Posted originally on February 2, 2015 by Neil
This series of posts is the most comprehensive I have done on family history. I am doing them backwards here so that in due course they will appear sequentially.
I have shown you this item before: “SWAN SONG” OF MR. T. D. WHITFIELD. Here is about half of it:

For more on the great fire of 1899 see Kiama Library.
In the early hours of Sunday morning, 1st October, 1899, a fire broke out that was to be the most extensive and destructive fire that had ever visited the township of Kiama and would change the face of Terralong Street forever.
The fire started in Wood Brothers general store and within minutes the place was ablaze. With the help of a strong southerly breeze, the fire soon spread to adjoining buildings and according to William H Bayley, author of Bluehaven: History of Kiama Municipality, “half the block of shops fronting Terralong Street from Collins Street towards Shoalhaven Street caught fire at 2 a.m. and was destroyed soon after dawn.”…
Fortunately there was no loss of life but 12 families were left homeless. Sixteen shops and the Royal Hotel were destroyed. Business people reopened businesses in sheds and all types of rooms and premises in other locations whilst their stores were rebuilt in brick….
I had noted the work my grandfather T D Whitfield did repairing Tory’s Hotel, which still stands. What escaped my notice is that it seems my grandfather built the Mount Kembla Hotel – now the oldest weatherboard hotel in the Illawarra (1898).
NOTE 30 Jan 2021: Been meaning to update this — rather than “built” it should be, I think, “painted and repaired” in the 1890s.

then

2010 – with Sirdan
See Sunday lunch–Mount Kembla Hotel (2010) and First Sunday out of cardiac ward: Mount Kembla Pub (2011). I then had no idea of my grandfather’s connection with the place. UPDATE: Built 1887, opened 1898. T D is ambiguous: he may have built it, or he may (presumably later) have “painted and repaired” as he did the Freemasons, which used to be on the corner of Crown and Keira Streets.
Finally from that rich memoir T D Whitfield left in the year of my birth, consider what he did at Bass Point for G L Fuller.

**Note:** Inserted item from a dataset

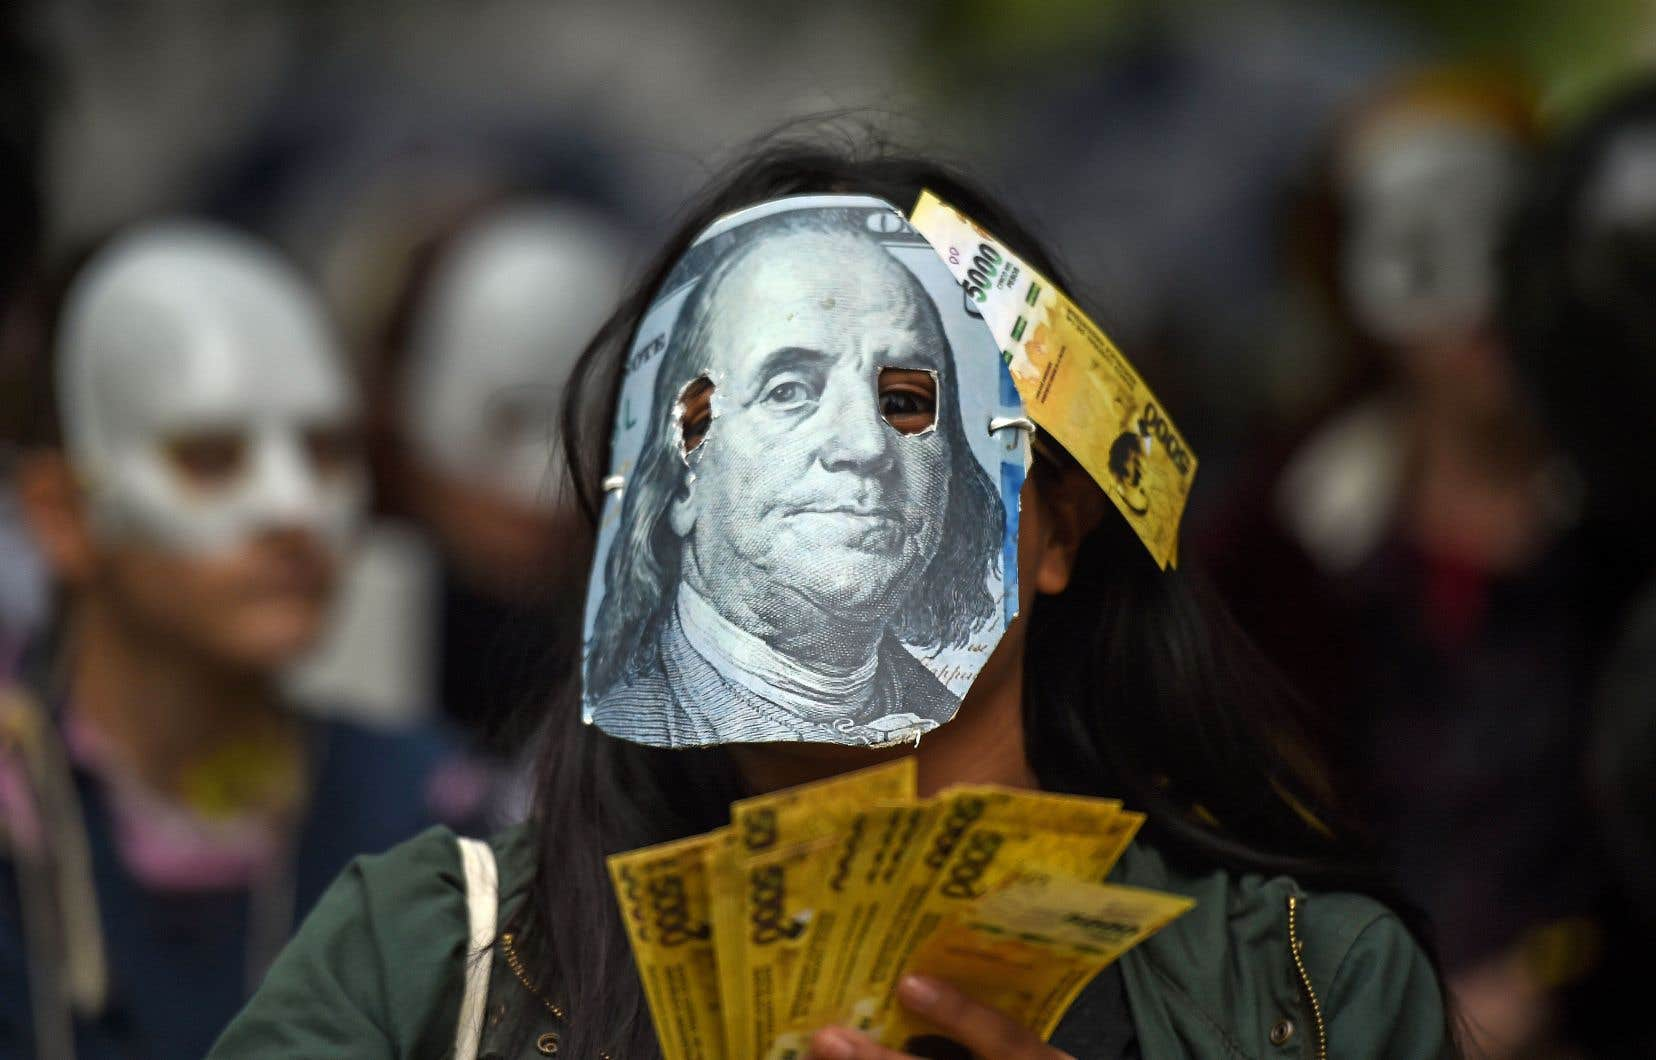 L'Argentine est plongée dans une grave crise monétaire à laquelle le gouvernement répond par des mesures d'austérité. Un argentin manifeste, en mai, pour signifier son opposition aux négocations entre Buenos Aires et le FMI.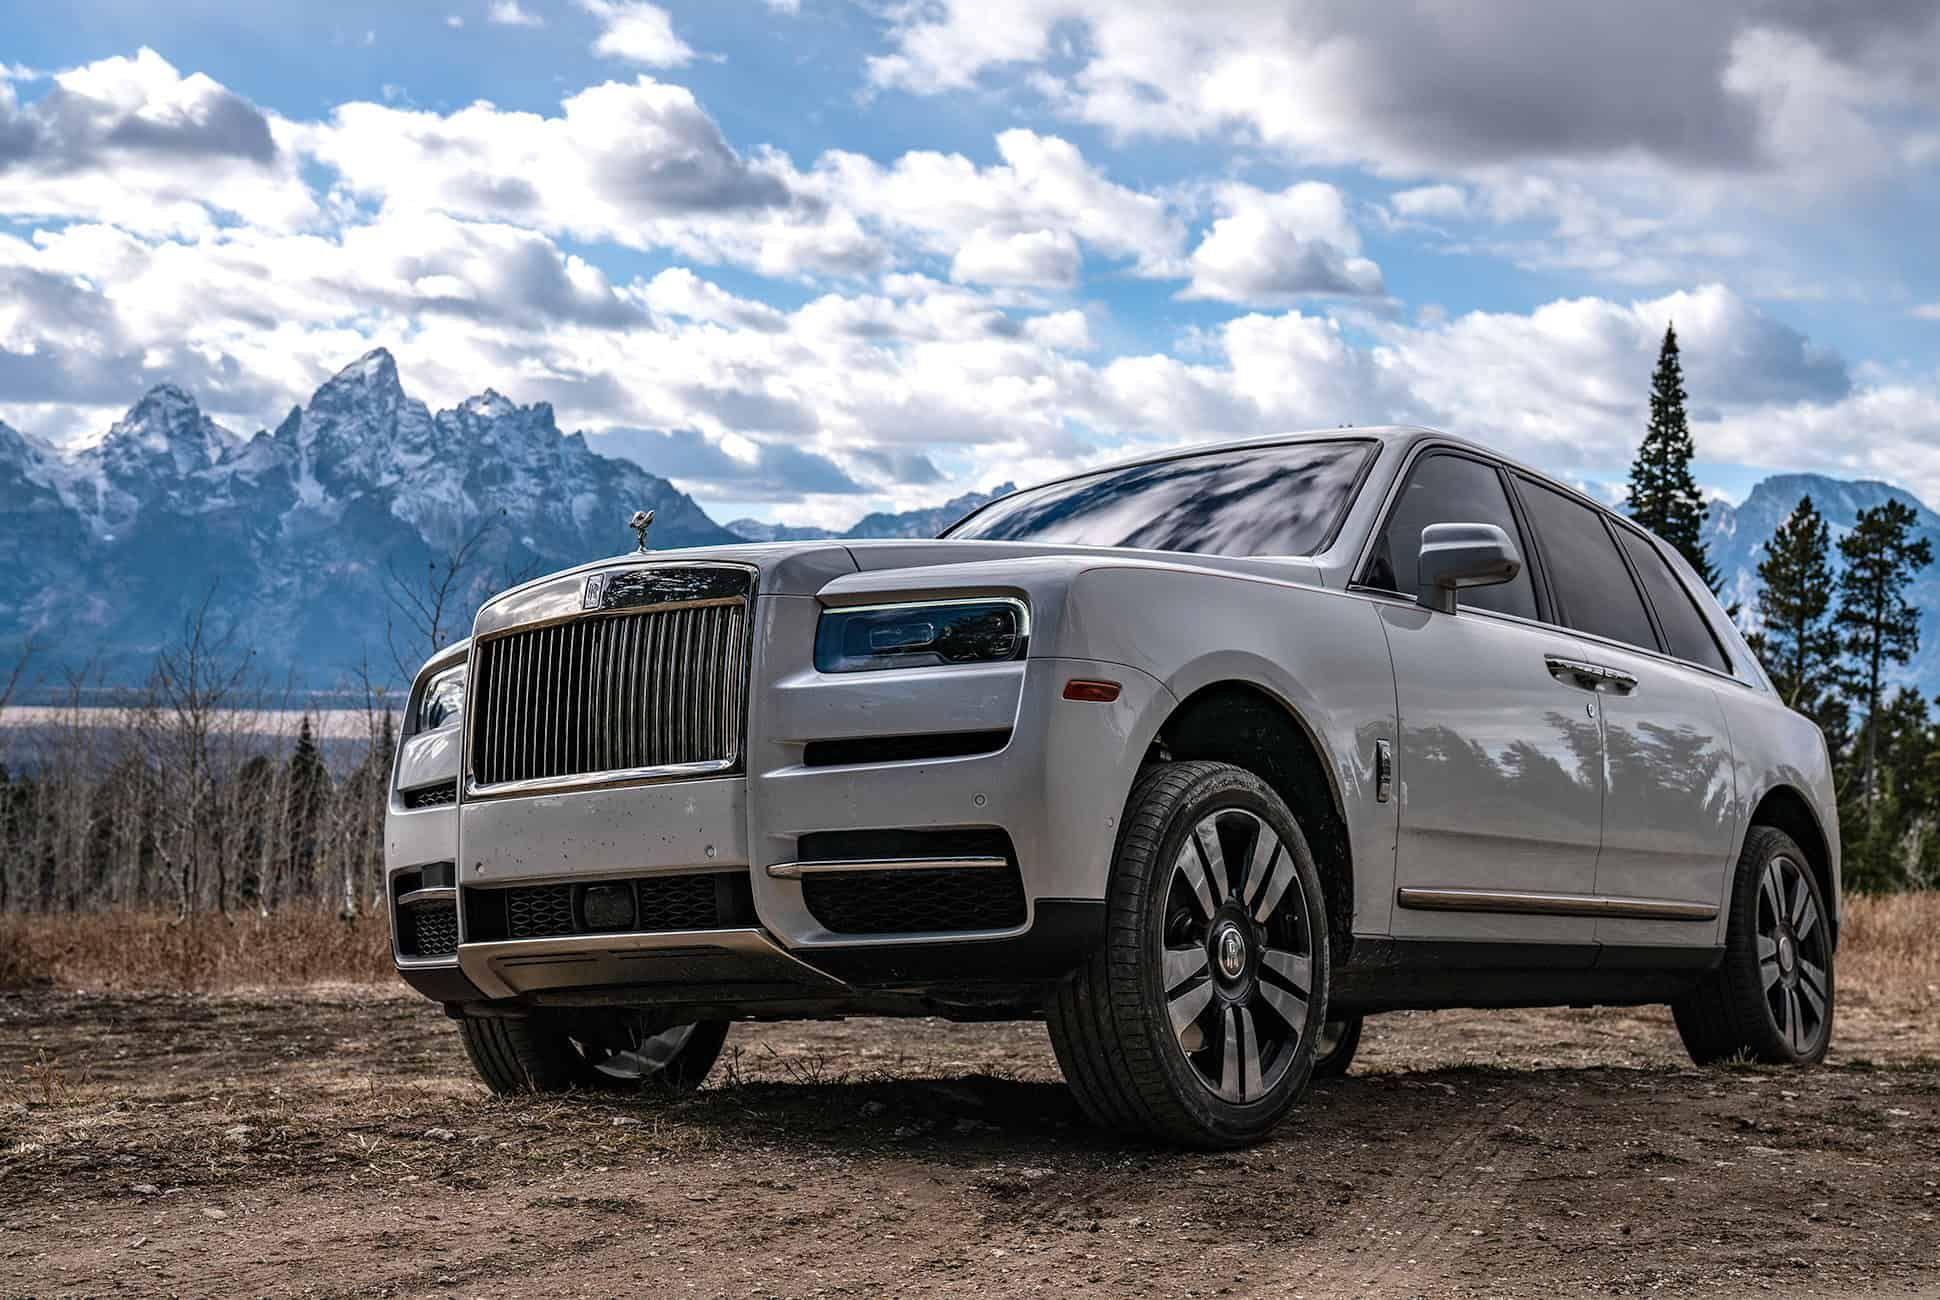 Rolls-Royce-Cullinan-Review-gear-patrol-slide-9

SS Dunmore and Bass Point Jetty
About this time, Mr. Fuller started large-scale reconstruction work at the quarry at Point Bass. I went there and erected the buildings, including an elevator to take the spawls back to be reduced. While I was on the job, a large sea washed about forty feet out of the centre of the jetty, so I undertook this job,which I consider was the most difficult I have ever done. The jetty was about ten feet wide, and about fifteen feet above the sea. I got a forty foot oregon girder and secured it crosswise to the land end of the broken part to tie guy ropes to, which supported the derrick pole. The latter had to lean over twenty feet to put the piles in place, also to lift the girders across to join the two. parts once more. I was congratulated on my ingenuity in this by the captain of the “Dunmore.” About the time that I finished the jetty, the foundation of the big hopper gave way, with about five hundred tons of metal in it. I raised it up to its original place with a number of hydraulic jacks, estimated to lift about fifty tons each. I gradually worked these a little at a time till I had it high enough to put fresh foundations, girders and piles, after which I gradually lowered it to the new system. It was a difficult and dangerous job, but it was accomplished, without accident; in fact, all through my career I was not instrumental in injuring anyone. After I left Mr. G. L. Fuller’s jobs, I did a lot of work for his sons, Mr. Archie Fuller, Dunmore, and Mr.Bryan Fuller, barrister, Sydney. When I had left the quarry work,the Shellharbour Council called tenders for a new jetty at Shellharbour…
For more on Bass Point see NSW Environment Heritage.
By the 1840s, the colony was experiencing an economic depression and the large landholdings in the region were soon subdivided into smaller tenant farms. Provided rent-free for periods of up to six years, the land was leased to families for the purpose of clearing native vegetation and cultivating crops. Wheat and maize were popular early crops but soon proved to be susceptible to rust and ultimately financially unprofitable for the farmers. By the second half of the nineteenth century however, the dairy industry had been established and was proving to be a successful business for the small landholders in the region.
During this period, 2560 acres of Peterborough Estate (including Bass Point) had been sold by the Wentworth family to George Laurence Fuller who named the property ‘Dunmore Estate’. By 1880, Fuller had negotiated a mining venture and established a basalt ‘blue gold’ quarry to the south of Bass Point including the construction of a new 480-foot jetty to ship the quarried metal. Although the enterprise collapsed within two years, Fuller resumed operations as the proprietor and manager and, by 1890, business was booming. To support the industry, Fuller soon improved and extended the jetty to 500 feet and commissioned the construction of the SS Dunmore to transport the crushed basalt from Bass Point to the markets of Sydney.